Así es cenar en el mejor restaurante de Latinoamérica

 

El restaurante El Chato es una proyección del propio Álvaro Clavijo, incluso en lo arquitectónico. Por fuera, el inmueble del barrio de Chapinero que aloja a este concepto también recurre a la sobriedad y elegancia del negro, aunque por dentro hay pura rumba y electricidad. Hay que sentarse en las mesas frente a la cocina abierta, la primera fila de un escenario cuyo proscenio es la barra donde los cocineros finalizan los platillos.

Técnica, producto, refinamiento, discurso: los elementos que conforman la propuesta de Clavijo muestran su paso por cocinas de Europa, en particular la de Noma, de donde los enterados afirman reconocer la precisión total en la cocción y emplatado de El Chato.

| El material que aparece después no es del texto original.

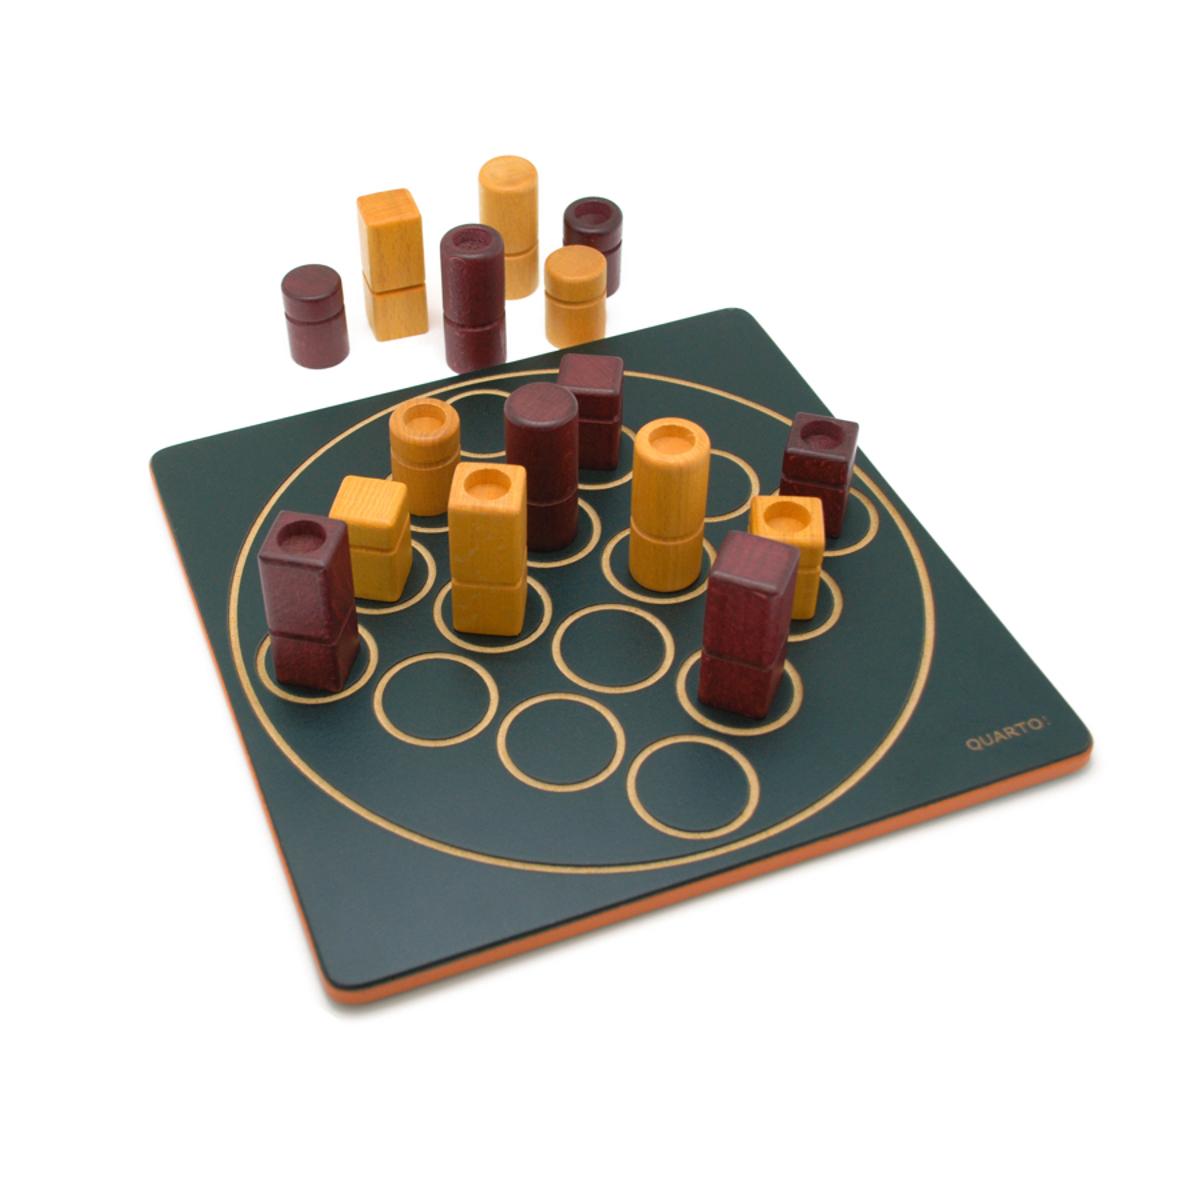 GIGAMIC|世界最多の賞に輝くボードゲームの王様 QUARTO!(クアルト!)

El Chato, mejor restaurante de Latinoamérica
Chef Álvaro Clavijo de El Chato, mejor restaurante de Latinoamérica
Chef Álvaro Clavijo de El Chato, mejor restaurante de Latinoamérica

El menú degustación de El Chato ofrece, por supuesto, un panorama sofisticado de los ingredientes endémicos y de la vanguardia de Colombia, una experiencia que empieza con arepas deliciosas que se acompañan con cangrejo y casabe, platillos ligeros pero sabrosos cocinados con albahaca y arvejas. Luego va cobrando sustancia con el Corazón de res, bañado en un garum de hongo shiitake, para después ingresar a la profundidad de Colombia en el plato llamado Camarón, preparado con chontaduro (fruto rojo y carnoso de palma sudamericana), coco y carantanta, este último, producto típico de del departamento del Cauca que se elabora con la masa seca que se pega al interior de una olla donde cocieron maíz.

El Chato, mejor restaurante de Latinoamérica
El Chato, mejor restaurante de Latinoamérica

El Tamal nos mantiene dentro del país gracias al uso de caracol del Caribe y de pusandao, un caldo espeso del Pacífico colombiano que puede llevar pescado, carne y plátano: combustible para seguir bebiendo vino y viche de azúcar fermentada. Y al llegar al plato fuerte, lo hacemos probando una lengua de ternera acompañada de una salsa de pimienta verde, berros y calabacín. Lustrosa y rica, rodeada de una salsa aterciopelada de color verde intenso, se acompaña también con una (enorme) hormiga culona en un guiño hacia la frontera Amazónica de Colombia.

Como resulta natural, tanto el menú degustación como el menú a la carta se modifican a lo largo del año de acuerdo con la disponibilidad y frescura de los ingredientes. Una vez claro lo anterior, recomiendo llamar con anticipación a El Chato para comprobar si el postre con hinojo y mambe estará disponible en la visita.

Elaborado con el ancestral polvo verde que se obtiene de moler hojas de coca, su potencia herbal tiene la capacidad de calmar el mal de altura y de hacer que pierda la vergüenza de pedir un segundo plato de este postre, por favor.